Se a liberdade total contida na barbárie carrega em si tanto os instintos do prazer quanto da morte, a mera noção de uma sociedade pacifista e igualitária é a proposição de uma sociedade domesticada e, finalmente, semiótica e culturalmente mais branda. Essa ideia rumo à tolerância, ao respeito e à conduta ética em massa pode ser compreendida como uma cisão ao pensamento de que – apesar dos esforços civilizatórios – sempre haverá no homem uma porção associal.

Admitindo uma das ideias de Freud, de que a natureza do homem exigiria qualquer tipo de controle (como estratégias de manutenção de poderes e socialização de saberes) para que a vida em sociedade (civilizada) seja possível, admite-se que a necessidade ética do atual momento humano é compor um novo sistema de doutrinas que caracterizem um esforço coletivo oposto ao da liberdade total. Parece-me que é isso que os ofendidos pelo “politicamente correto” conclamam para si: a selvageria linguística.

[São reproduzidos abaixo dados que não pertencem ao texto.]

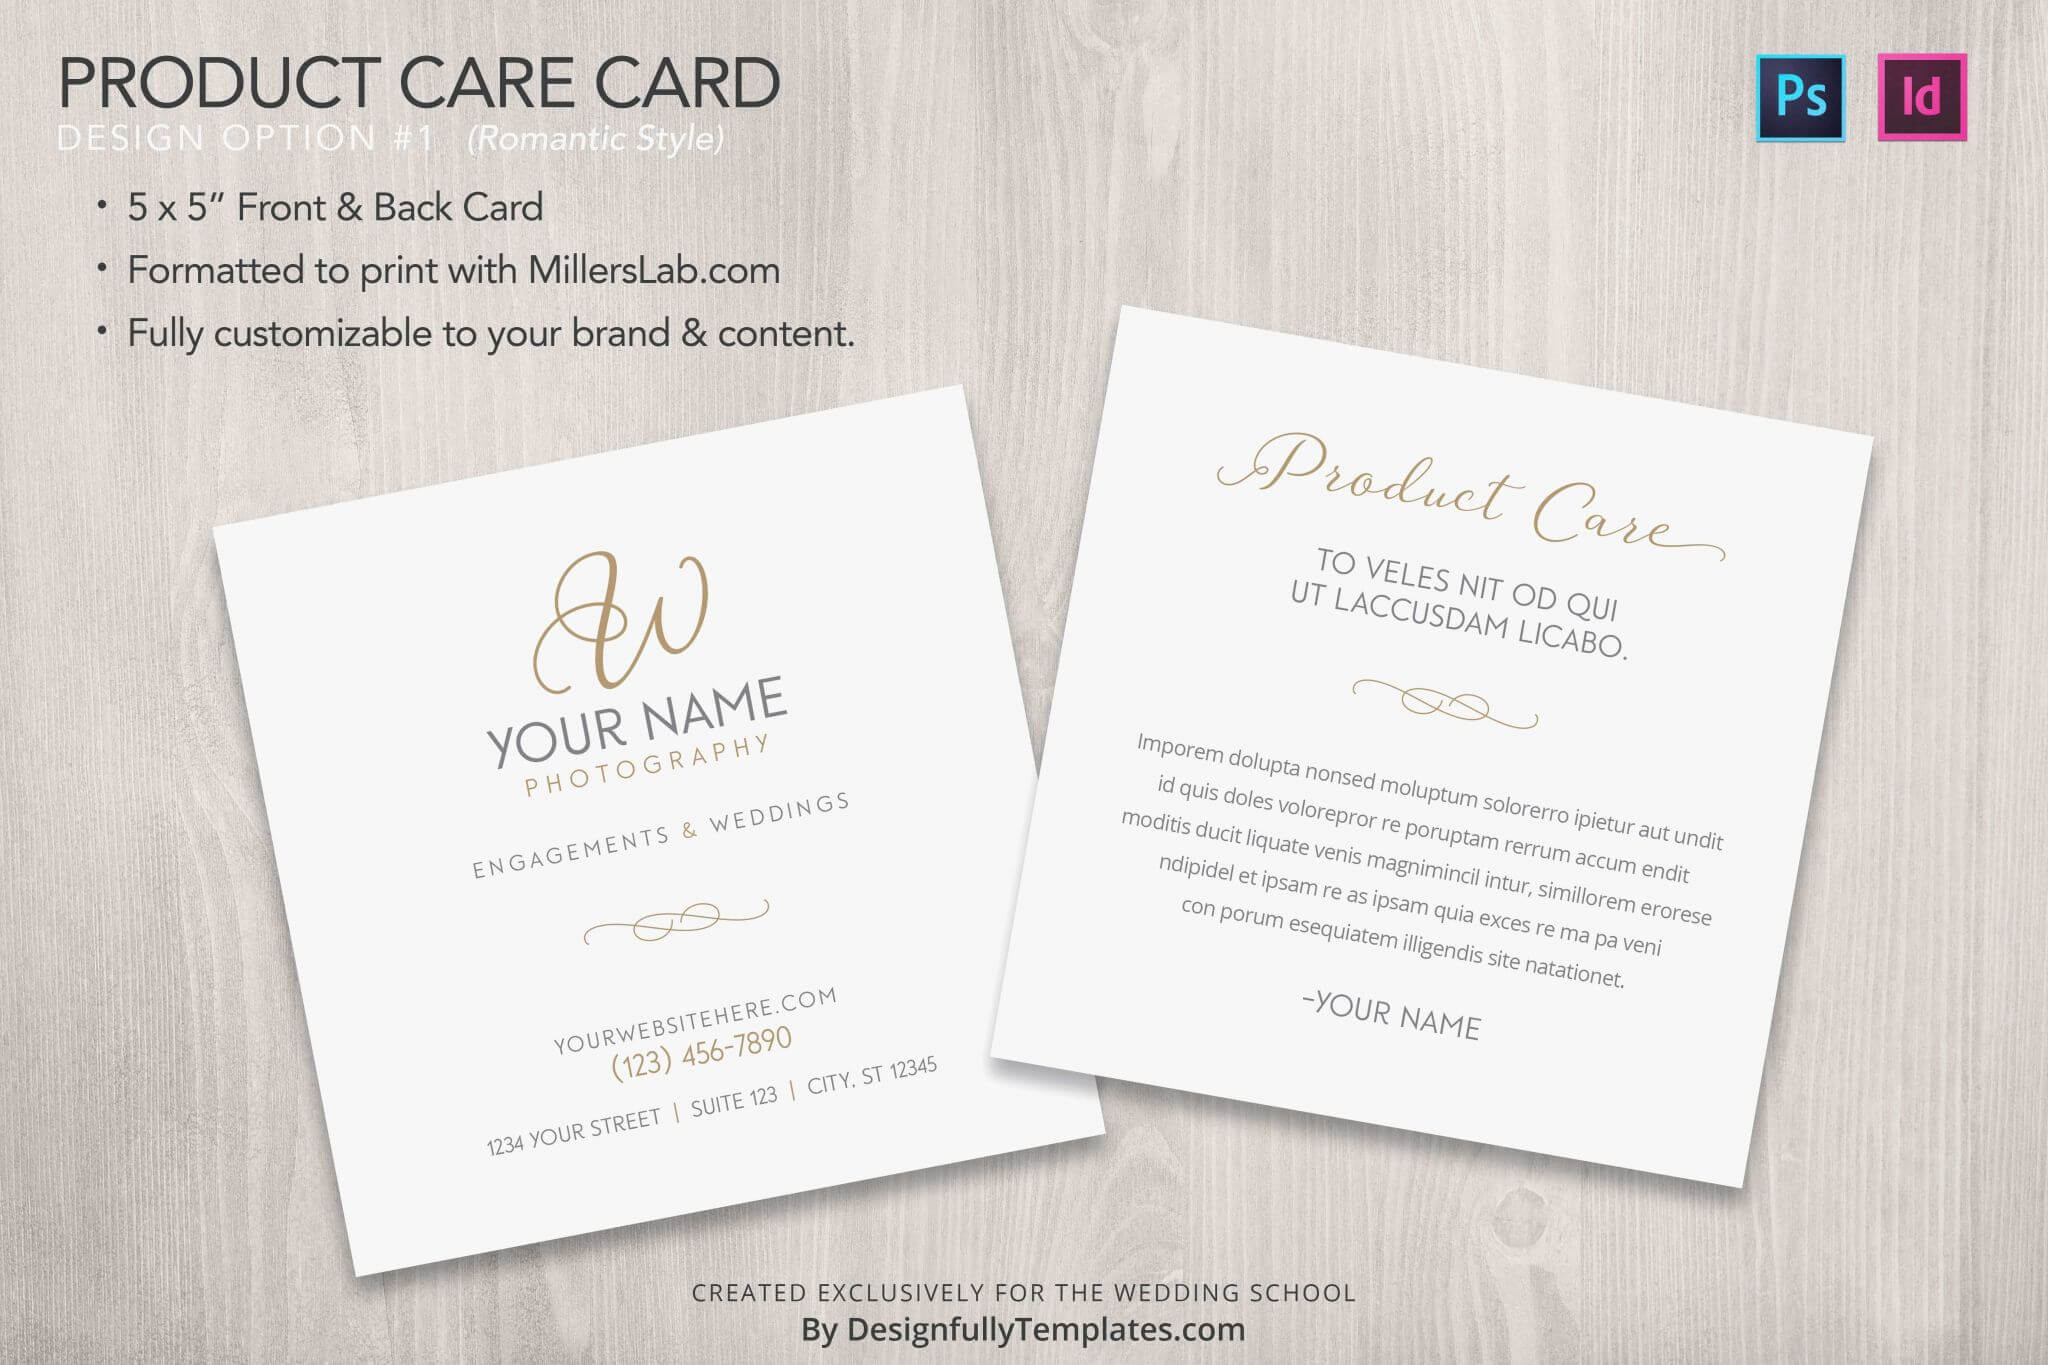 Free Place Card Templates 6 Per Page - Atlantaauctionco Inside Free Place Card Templates 6 Per Page

Retomando a provocação feita no título, pergunta-se: sobre qual tipo de homem livre nos referimos quando afirmamos essa busca incessante? De um lado, grupos extremistas apelam para a liberdade total das falas e dos gestos (incluindo aqui a violência, a sabotagem, a pirataria e toda a gama de ações politicamente incorretas); de outro, vozes pela manutenção da civilização como projeto de bem-estar e domesticação. É babilônico o momento atual da cultura.

No filme As Pequenas Margaridas (1966), da cineasta checa Vera Chytilová, o banquete é a metáfora para a profanação / Foto: Divulgação

Pensando nas tarefas de cada momento histórico, parece-me que podemos afirmar alguns fatos: a Idade Média pretendia oferecer segurança pela religião – trazendo a moral e a ética como utensílios ao comportamento humano; de maneira oposta, a Modernidade órfã abandona a segurança paterna para proporcionar prazer ao homem, iniciando um processo político e tecnológico que, se não encerra os problemas humanos, confere espaços de visibilidade a novas propostas de sociabilidade. Assim, parece ser tarefa da contemporaneidade prometer a felicidade (o prazeroso, o erótico, o heroico) como compromisso das lutas identitárias, do consumismo e da autocomunicação.

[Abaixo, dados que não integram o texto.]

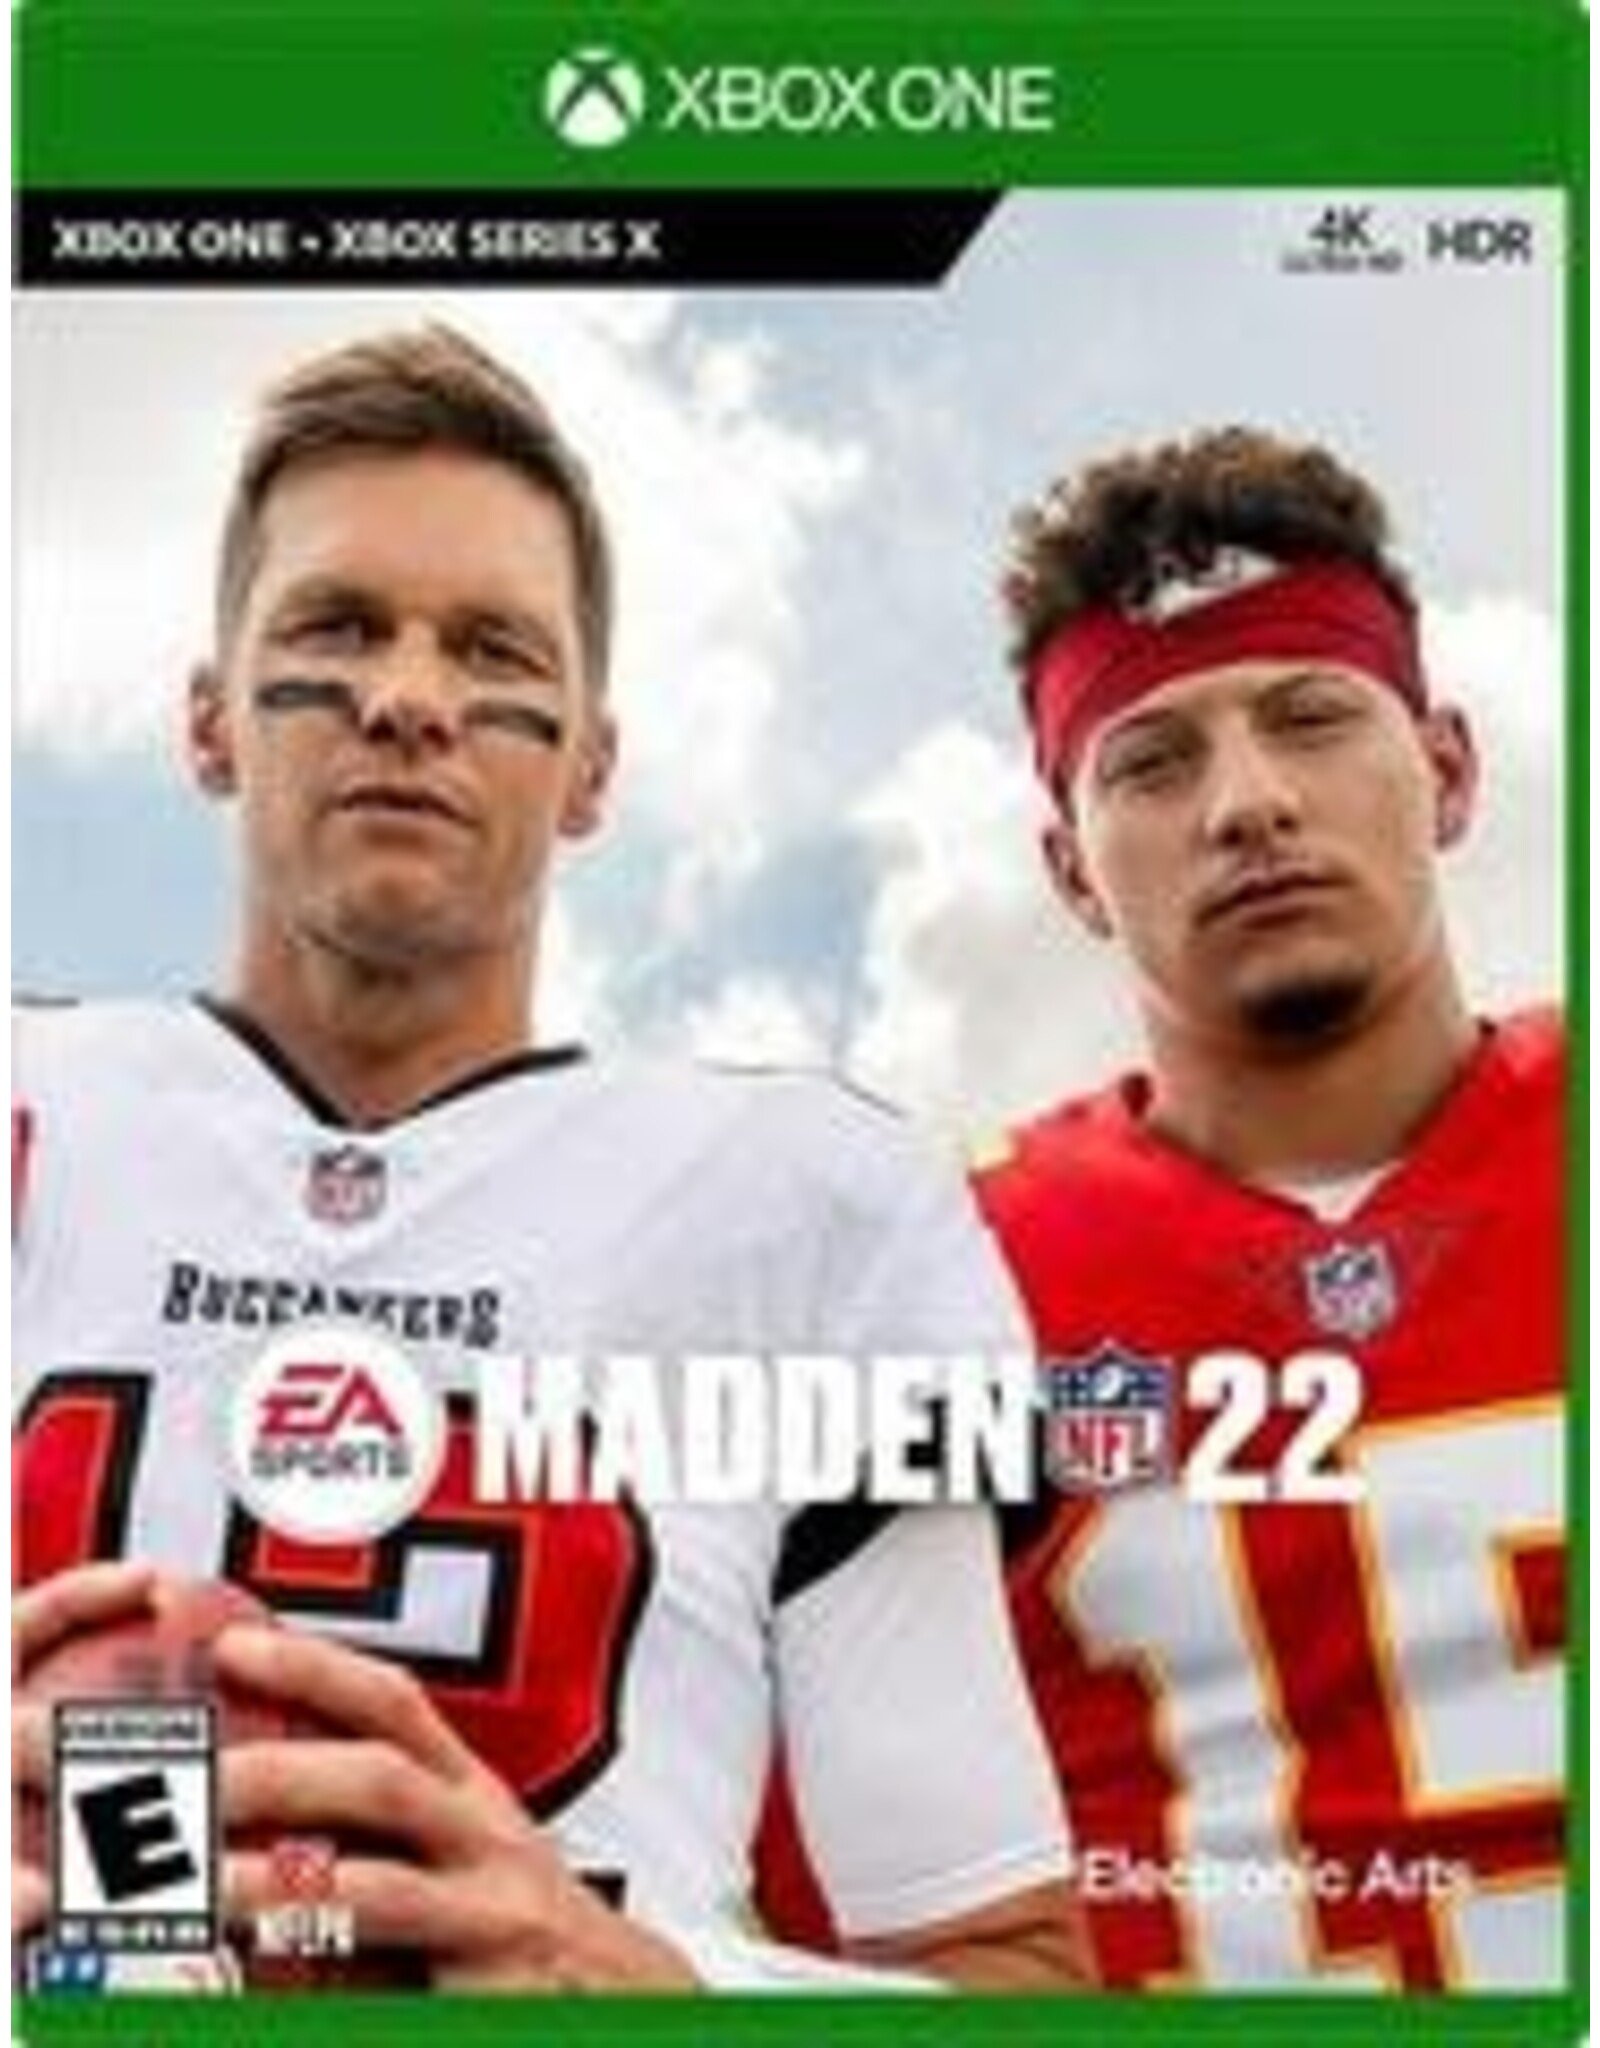 Xbox One Madden NFL 22 (Used)

Contrariando a conclusão freudiana, pensamos ser possível uma vida sem a patologia das comunidades, mas poderia o século XXI ser aquele que comprova a possibilidade de existência de uma vida em grupo menos neurótica? Afirmando que o desenvolvimento cultural e simbólico da humanidade pode dominar as pulsões instintivas e selvagens das sociedades tribais – que promessas fazemos a nós mesmos para sustentar esse otimismo latente?

Traçando uma linha tênue entre os conceitos de liberdade e livre arbítrio, já nos assumimos como a geração da massificação dos privilégios, mas não da erradicação da miséria de vida e intelectual. Por isso a necessidade de revisitarmos o passado para assumirmos novas posturas em relação ao presente. Quando me vejo livre, quem eu vejo?

A essa pergunta, nem ética e nem vergonha na cara.
Aprendamos a pensar além das vertigens do XXI.